Most memory efficient way to merge two files - c#

I need to merge two files while also applying a sort. It is important the I keep the task light on memory usage. I need to create a console app in c# for this.
Input File 1:
Some Header
A12345334
A00123445
A44566555
B55677
B55683
B66489
record count: 6
Input File 2:
Some Header
A00123465
B99423445
record count: 2
So, I need to make sure that the third file should have all the "A" records coming first and then the "B" records followed by the Total record count.
Output File:
Some header
A12345334
A00123445
A44566555
A00123465
B99423445
B55677
B55683
B66489
record count: 8
Record sorting within "A" and "B" is not relevant.

Since your source files appear sorted, you can do with with very low memory usage.
Just open both input files as well as a new file for writing.
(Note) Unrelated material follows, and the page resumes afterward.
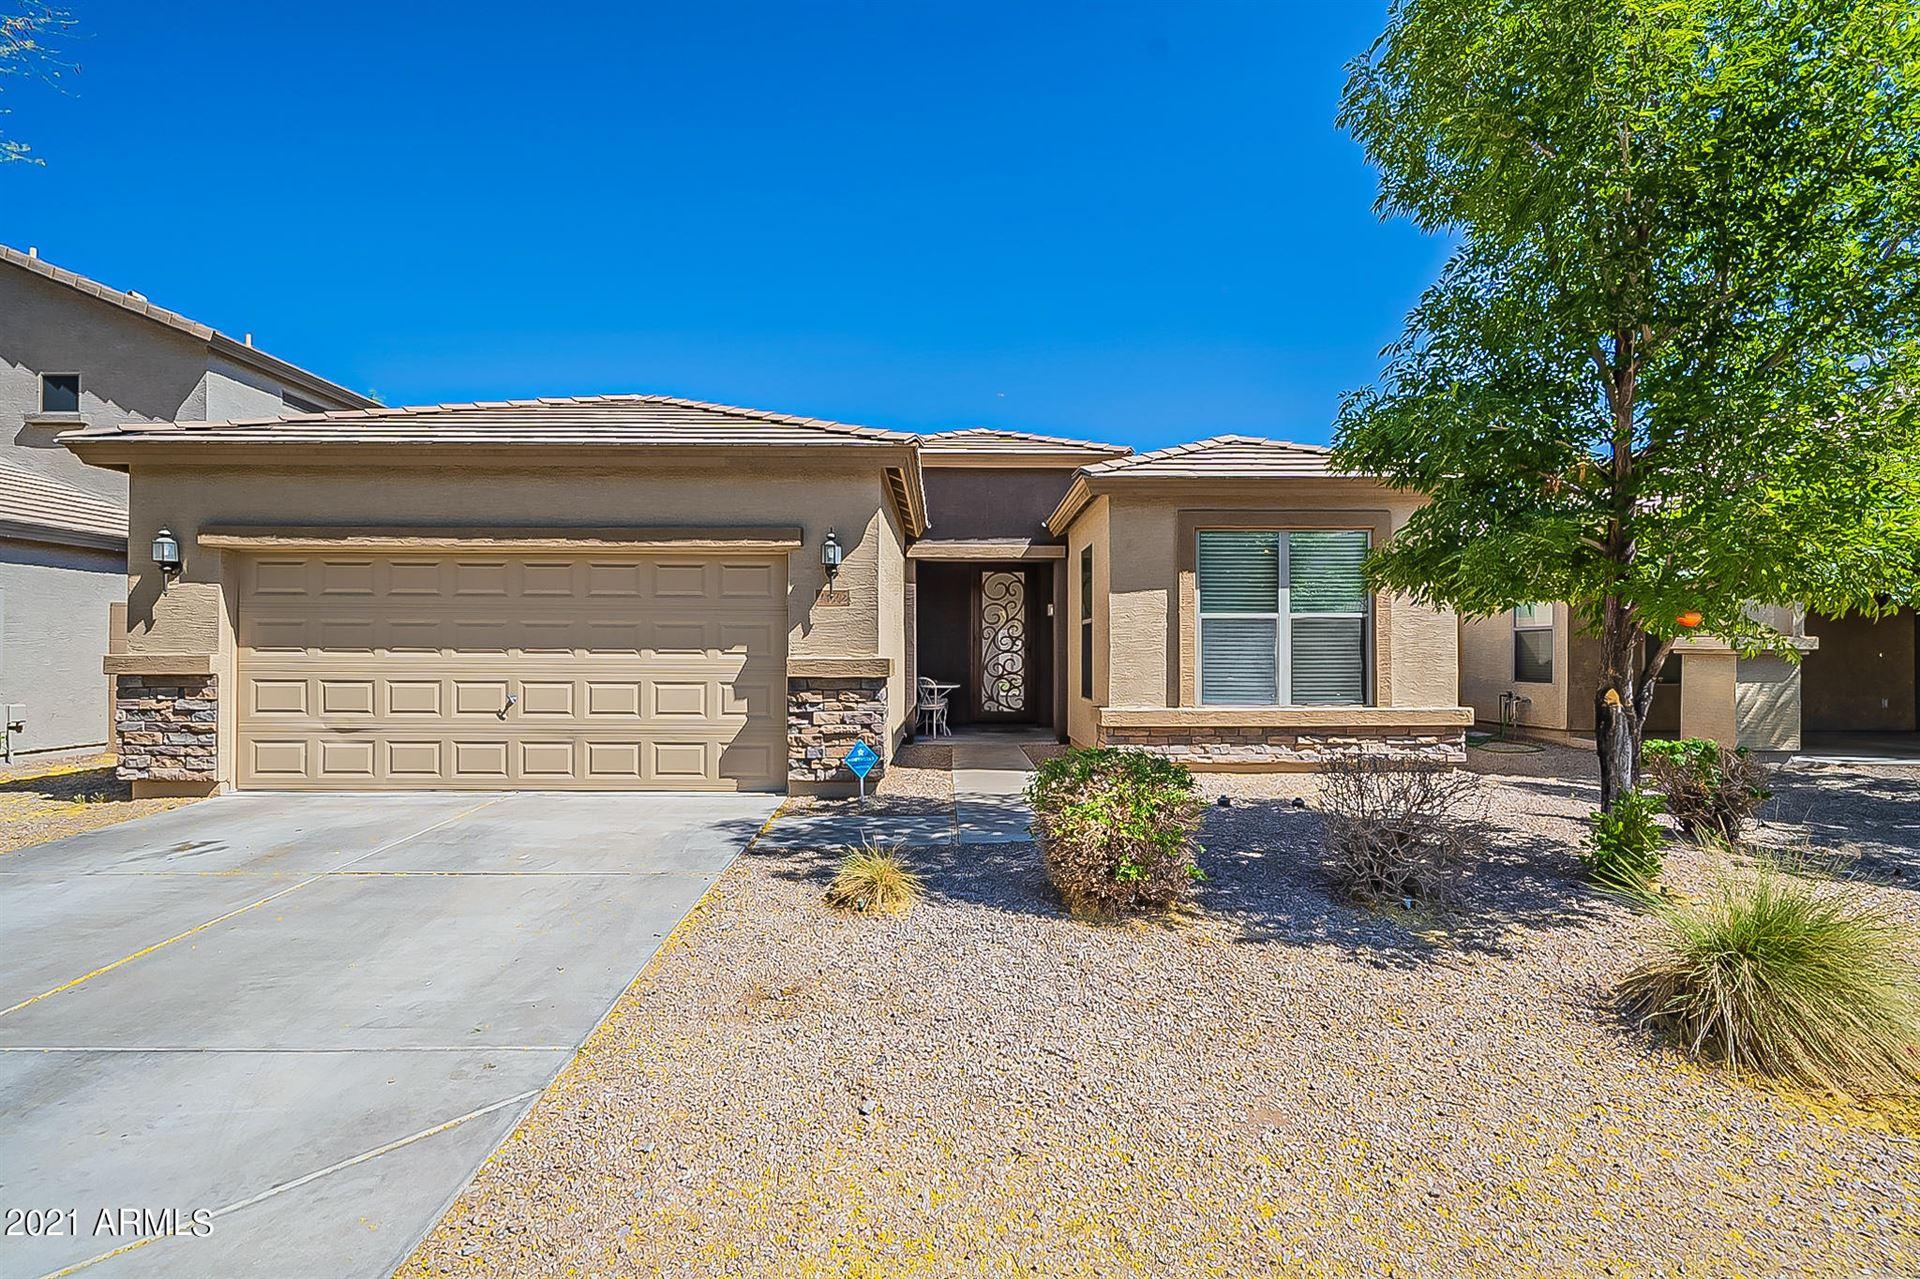 Photo of 4612 W BURGESS Lane, Laveen, AZ 85339 (MLS # 6227953)
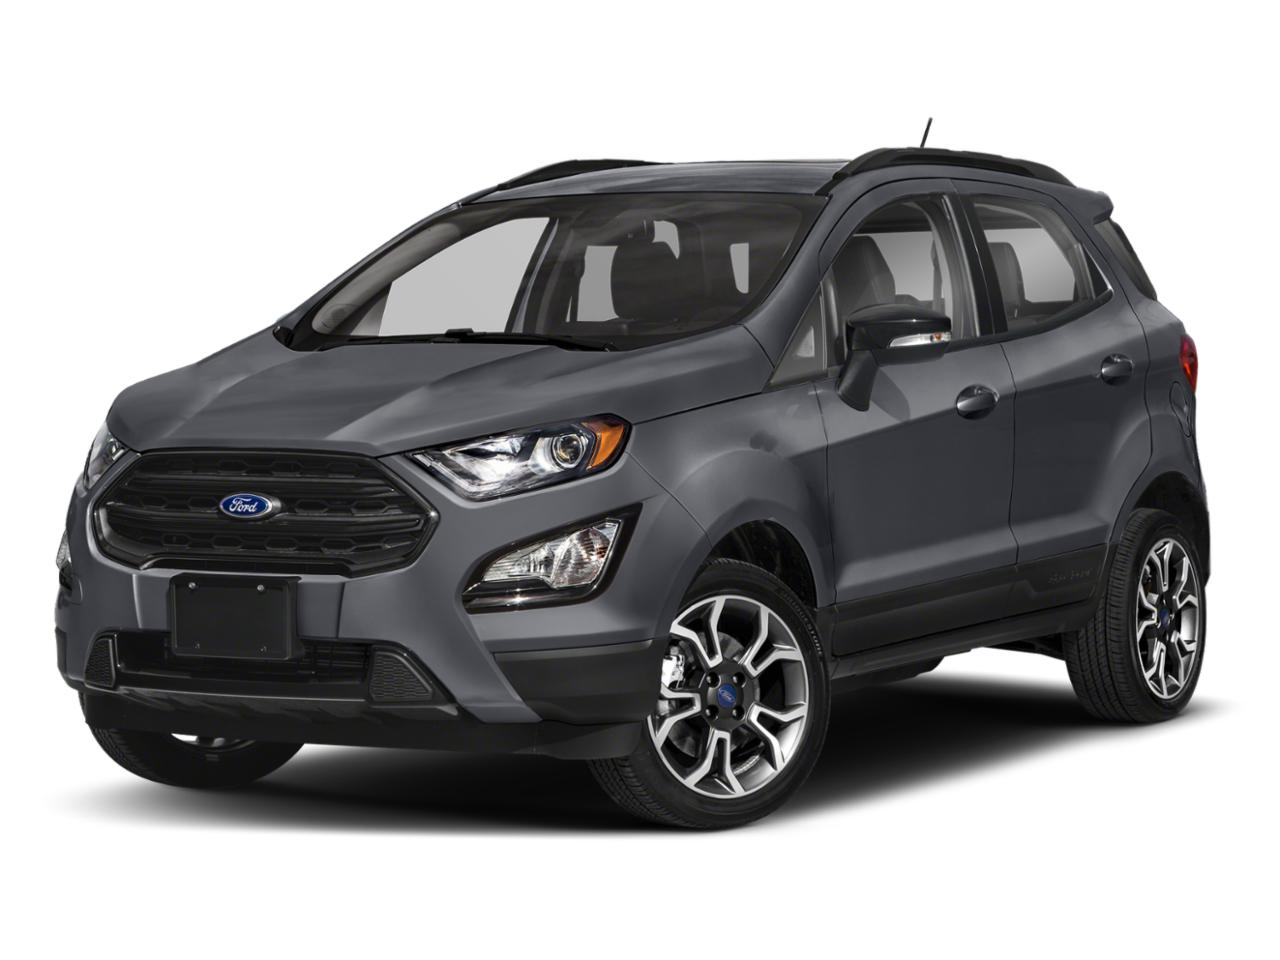 Smoke Metallic 2020 Ford EcoSport TITANIUM Titanium 4dr Crossover New Bern NC

Then compare the next available line from each input file and write the line that comes first to your output file. Each time you write a line to the output file, get the next line from the input file it came from.
Continue until both input files are finished.

If memory is an issue the easiest way to do this is probably going to be to read the records from both files, store them in a SQLite or SQL Server Compact database, and execute a SELECT query that returns a sorted record set. Make sure you have an index on the field you want to sort on.
That way, you don't have to store the records in memory, and you don't need any sorting algorithms; the database will store the records on disk and do your sorting for you.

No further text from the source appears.